Resilient tech stocks set to get recovery boost
By Joanne Frearson
LONDON (Reuters) - Top-performing European technology shares are set to rise further because the sector has coped with the downturn better than many other industries and is also quicker to benefit from early signs of a recovery.
Tech stocks already trade at a premium to many industry sectors but analysts and fund managers said this was justified because demand for the industry's services will remain strong over the long term.
They picked companies such as SAP (SAPG.DE), Autonomy (AUTN.L) and ARM (ARM.L), which have dominant positions in their line of business or offer niche services, as good investment bets.
"Whilst the world undergoes a synchronised global downturn due to the deflationary impacts of deleveraging, it comes as less of a surprise to the technology sector than other sectors," said Jeremy Whitley, senior investment manager at Aberdeen Asset Management.
"Tech has inherently been a highly cyclical sector, learning to cope with significant peaks and troughs in demand/supply factors, and it has been fairly quick in closing some aspects of overcapacity in order to reduce the level of underutilisation," he said.
Investors have been buying tech stocks as part of a shift out of defensives into more cyclical shares in anticipation of an economic recovery in the second half of the year.
U.S. group Texas Instruments (TXN.N) this week raised its targets for second-quarter earnings and revenue, signalling improving demand in the chip market and sending shares in mobile firms higher in U.S. and Europe.
The DJ STOXX European technology index .SX8P is up 15.7 percent this year, the sixth best performing sector in Europe.
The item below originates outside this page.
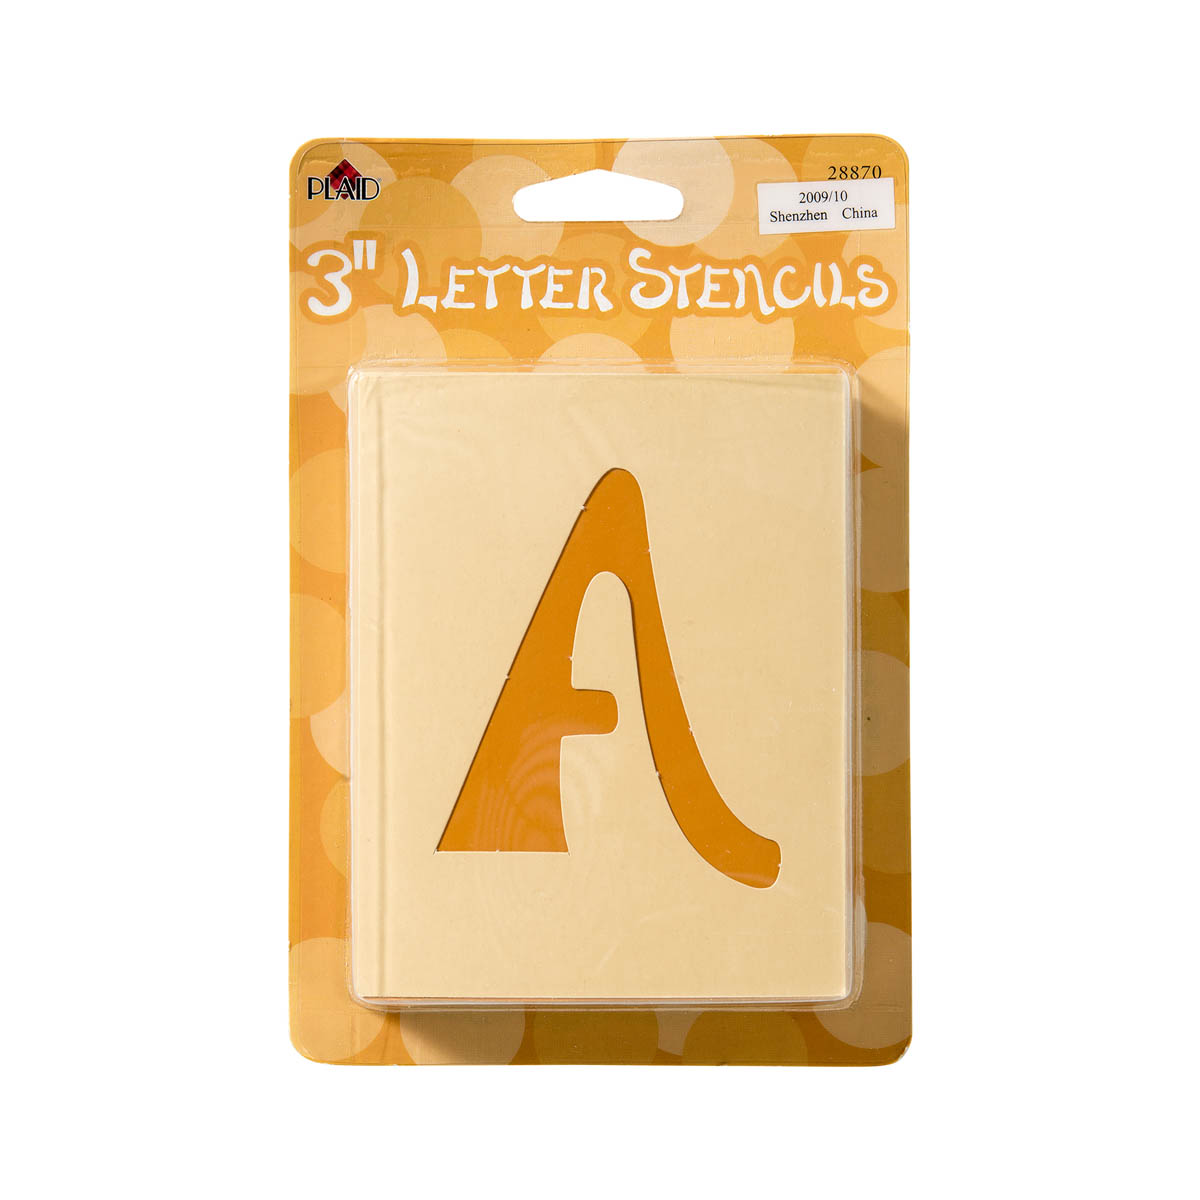 Plaid ® Stencils - Value Packs - Letter Stencils - Swashbuckle

By contrast, the benchmark DJ STOXX 600 .STOXX index has risen 8 percent.
CHINA IMPACT
Allianz RCM Technology Trust's manager Walter Price has been shifting his portfolio towards Chinese tech companies amid growing sign of economic recovery there, and has stocks such as Longtop Financial Technologies (LFT.N), Baidu (BIDU.O) and Tencent Holdings (0700.HK) in his portfolio.
"We think that China will be the first country in the world to recover because of the massive stimulus they have supplied to their economy," said Price.
Latest surveys showed China's manufacturing sector continued to expand moderately in May, adding to tentative signs that the world's third-largest economy is stabilising after its $585 billion (354.9 billion pound) stimulus package.
Despite heavyweight Nokia's (NOK1V.HE) greater exposure to an uptick in Chinese demand, analysts were wary on the share due to new competition from Apple (AAPL.O) and Google (GOOG.O).
Analysts were also cautious on Sweden's Ericsson (ERICb.ST), the world's top telecom network equipment maker, even though it has been one of the top-performing bluechips in Europe since last September.
They said operators had further to go in cutting investment budgets. Continued...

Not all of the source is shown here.